You are given an integer array nums that is sorted in non-decreasing order.

Determine if it is possible to split nums into one or more subsequences such that both of the following conditions are true:

Each subsequence is a consecutive increasing sequence (i.e. each integer is exactly one more than the previous integer).
All subsequences have a length of 3 or more.
Return true if you can split nums according to the above conditions, or false otherwise.

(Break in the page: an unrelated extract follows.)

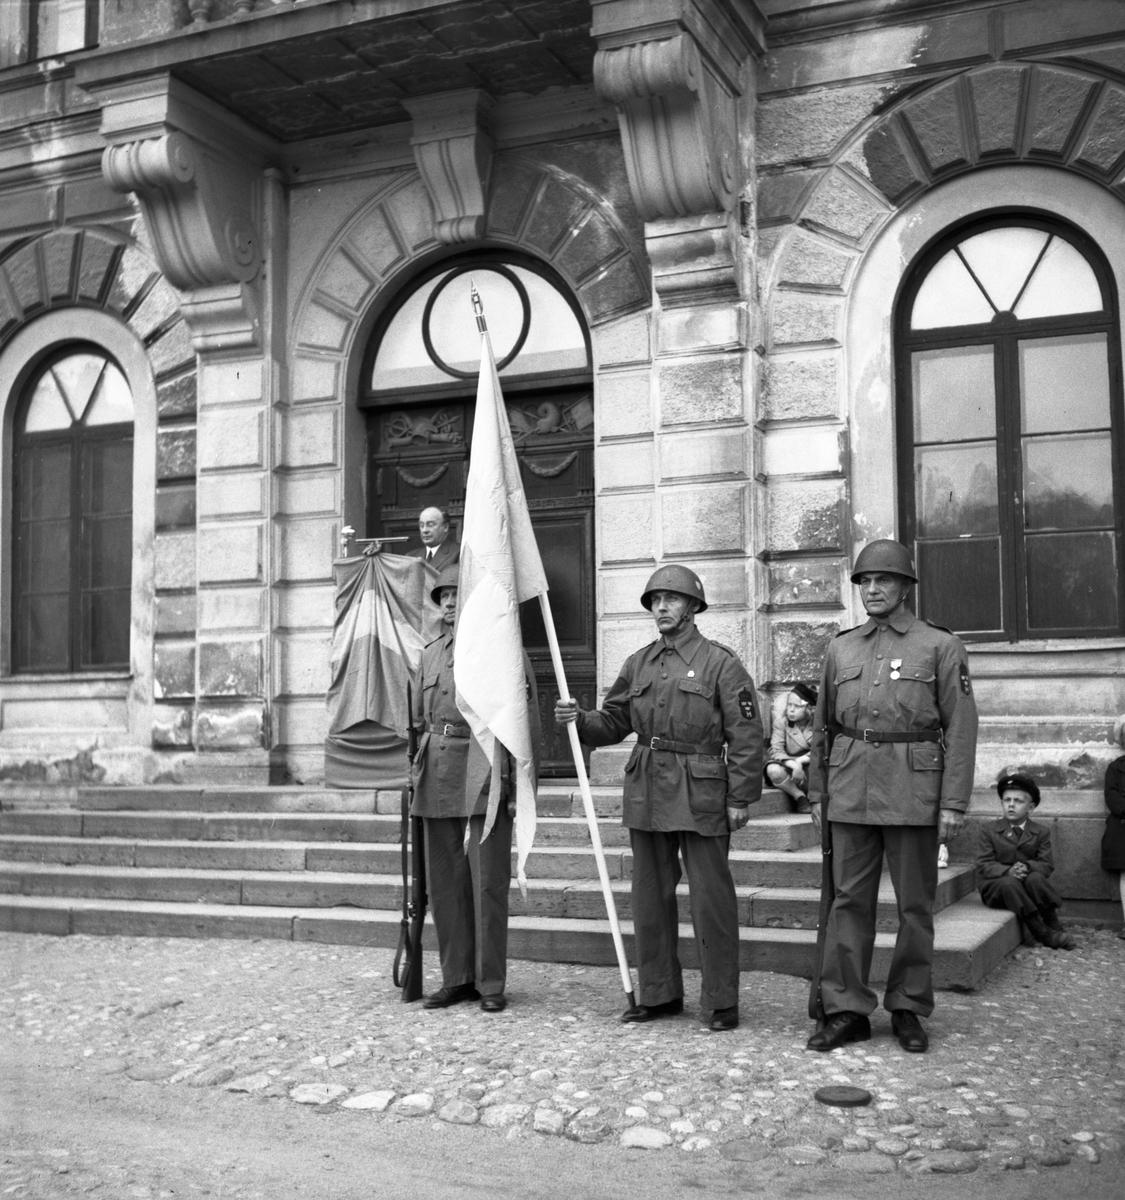 Hemvärnet femårs-jubileum. 1945

A subsequence of an array is a new array that is formed from the original array by deleting some (can be none) of the elements without disturbing the relative positions of the remaining elements. (i.e., [1,3,5] is a subsequence of [1,2,3,4,5] while [1,3,2] is not).


Example 1:

Input: nums = [1,2,3,3,4,5]
Output: true
Explanation: nums can be split into the following subsequences:
[1,2,3,3,4,5] --> 1, 2, 3
[1,2,3,3,4,5] --> 3, 4, 5
Example 2:

Input: nums = [1,2,3,3,4,4,5,5]
Output: true
Explanation: nums can be split into the following subsequences:
[1,2,3,3,4,4,5,5] --> 1, 2, 3, 4, 5
[1,2,3,3,4,4,5,5] --> 3, 4, 5
Example 3:

Input: nums = [1,2,3,4,4,5]
Output: false
Explanation: It is impossible to split nums into consecutive increasing subsequences of length 3 or more.


Constraints:

1 <= nums.length <= 104
-1000 <= nums[i] <= 1000
nums is sorted in non-decreasing order.
"""

"""
这道题我们遍历nums的时候只要当前的num被前面的顺子需要，就把num连上去，顺子连得越长越好。greedy所在
使用2个hashmap，第一个用来建立数字和次数的映射
第二个用来简历数字是否可以被前面顺子所需要
"""
class Solution:
    def isPossible(self, nums: List[int]) -> bool:
        cnter = Counter(nums)  #store num and frequency
        can_append = defaultdict(int)
        for num in nums:
            #判断当前num还有没有,没有了直接跳过
            if cnter[num] == 0:
                continue

            #如果能够连接到前面的数组，就连上去
            if can_append[num] > 0:
                cnter[num] -= 1
                can_append[num] -= 1
                can_append[num + 1] += 1

            #不能连上前面数组，就新开一个数组
            else:
                for i in range(3):
                    if cnter[num + i] == 0:
                        return False
                    cnter[num + i] -= 1
                can_append[num + 3] += 1

        return True